Des évaluations indépendantes, comme celle de Médecins sans Frontières, le
confirment. En analysant des vidéos, que nous avons authentifiées, nos propres
services sont parvenus au constat que toutes les victimes étaient localisées
dans des quartiers contrôlés par l'opposition. Tous les symptômes observés sont cohérents avec une
intoxication aux agents chimiques. Des éléments, en notre possession, comme en
celle de nos alliés, indiquent que du gaz sarin a été utilisé.
Nous sommes certains que la Syrie dispose de l'un des
stocks d'armes chimiques les plus importants au monde : plus de mille tonnes d'agents
chimiques de guerre et des dizaines de vecteurs.

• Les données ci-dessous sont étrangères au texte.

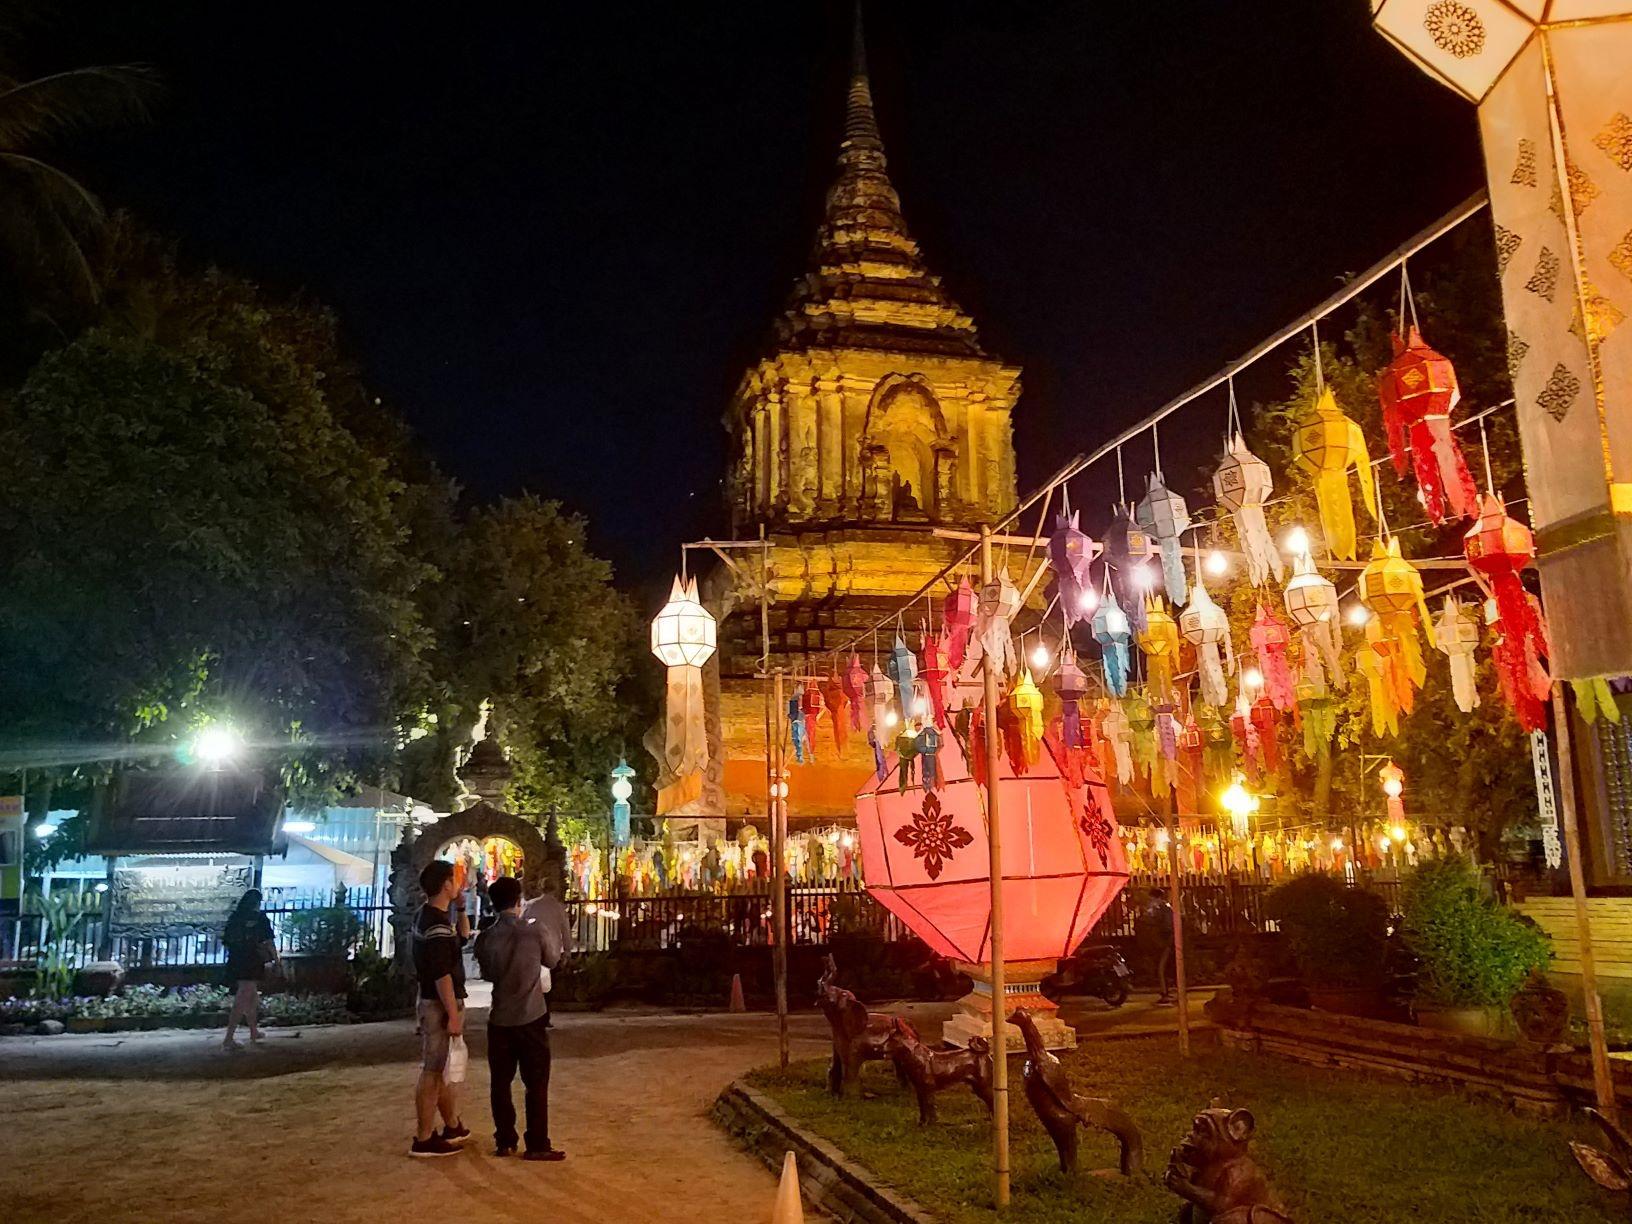 Chiang Mai, Thai Lan mua le hoi lung linh - Yee Peng va Loy Krathong hinh anh 3
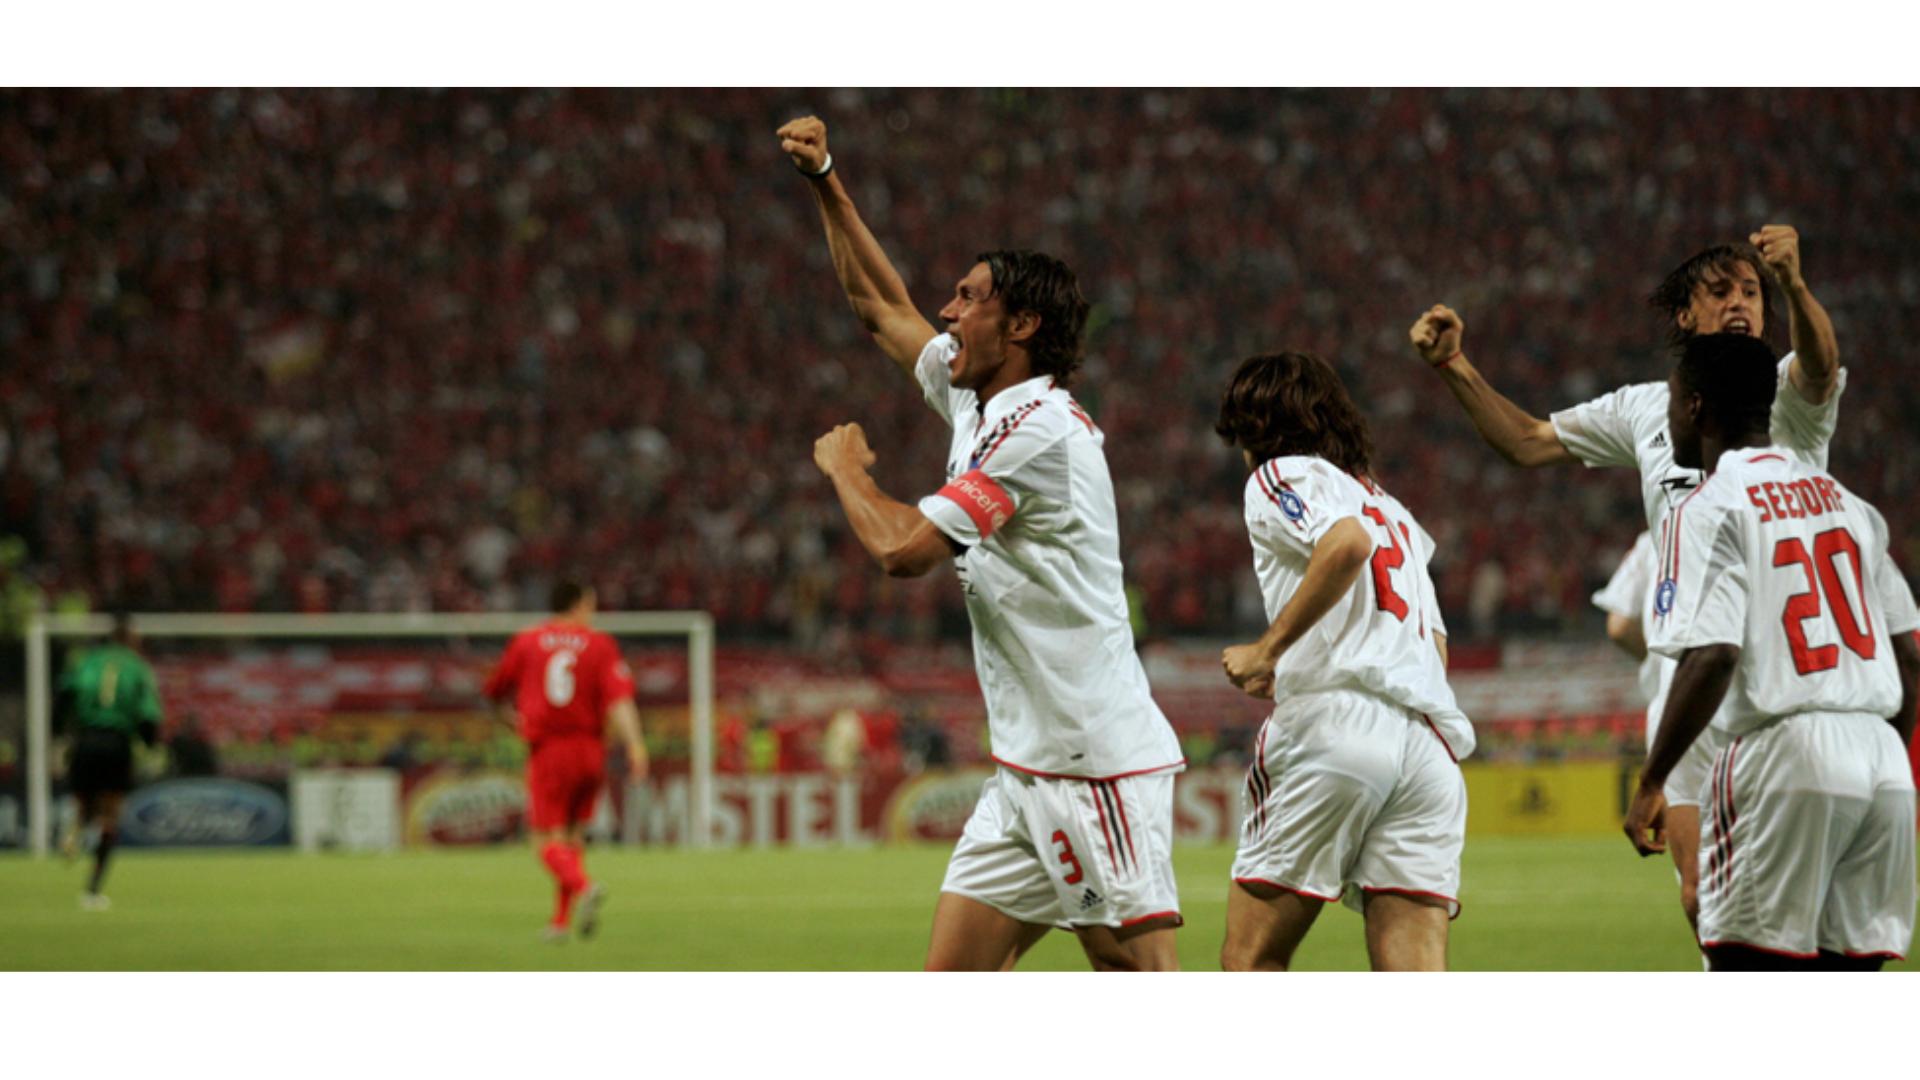 Maldini'nin gol sevinci yaşadığı ana ait bir görsel.

Nous sommes certains que le régime syrien a déjà
employé l'arme chimique à plusieurs reprises ces derniers mois, à une échelle
beaucoup plus réduite, dans le but de reconquérir des zones tenues par l'opposition
et d'y semer la terreur. Grâce à nos
services, nous avons récupéré et analysé des échantillons qui ont confirmé, à
Saraqeb ou à Jobar, l'emploi de gaz toxiques. Ces éléments ont été
immédiatement transmis aux Nations unies.
Nous sommes
certains que cette attaque s'inscrivait dans le cadre d'une offensive pour la
reconquête d'une zone clé, qui commande l'accès à Damas. Elle avait fait l'objet de
préparatifs dans les jours précédents, incluant des mouvements d'agents
chimiques depuis les principaux points de stockage du régime. Nous sommes aussi
certains que des bombardements intenses, après l'attaque, ont tenté d'en
effacer les traces.
Nous sommes certains enfin que l'opposition n'a pas
les capacités de conduire une opération d'une telle ampleur. Aucun groupe
appartenant à l'insurrection ne dispose des quantités d'agents chimiques
nécessaires, des vecteurs ou des compétences pour mener à bien une telle
attaque.
Mesdames et Messieurs les Députés, c'est donc une
certitude : il y a bien eu une attaque chimique massive le 21 août, dans la
plaine de la Ghouta. Le régime
syrien en porte l'entière responsabilité.
Cette
certitude, nous la partageons avec nos partenaires américains, britanniques,
allemands, turcs. La Ligue arabe elle-même, l'a confirmé à l'occasion de sa
réunion ministérielle de dimanche dernier en évoquant la responsabilité du
régime. La recherche de cette responsabilité n'entre pas dans la mission des
enquêteurs des Nations unies, comme vous le savez. Ces enquêteurs ne pourront
donc que confirmer l'usage de l'arme chimique.
Mesdames et
Messieurs les Députés, face à ces faits incontestables, que choisir ? L'action
ou la résignation ? Pouvons-nous nous contenter de condamner, d'en appeler à un
sursaut de la communauté internationale pour que s'ouvrent enfin des
négociations de paix qui ne viennent pas ?
À ces
questions, le président de la République a apporté une réponse claire et conforme
à la mobilisation de la France, depuis le début de la crise syrienne. La France
a été la première à reconnaître la coalition nationale syrienne, à lui apporter
son appui, à répondre à l'urgence humanitaire, à promouvoir une solution
politique. Sans relâche, nous avons multiplié les contacts pour chercher des
solutions à cette tragédie, avec nos partenaires européens, nos alliés, les
pays de la région, la Russie ou la Chine.
Ne pas réagir,
ce serait tolérer que demeure impuni un recours massif à l'arme chimique. Ne
pas réagir, ce serait adresser à Bachar Al-Assad et au peuple syrien un message
terrible : l'arme chimique peut être utilisée à nouveau demain, contre Damas,
contre Alep, de façon peut-être encore plus massive.
Ne pas réagir,
ce serait mettre en danger la paix et la sécurité de la région tout entière,
mais aussi, au-delà, notre propre sécurité. Car - je pose la question - quelle
crédibilité auraient ensuite nos engagements internationaux contre la
prolifération des armes de destruction massive, y compris l'arme nucléaire ?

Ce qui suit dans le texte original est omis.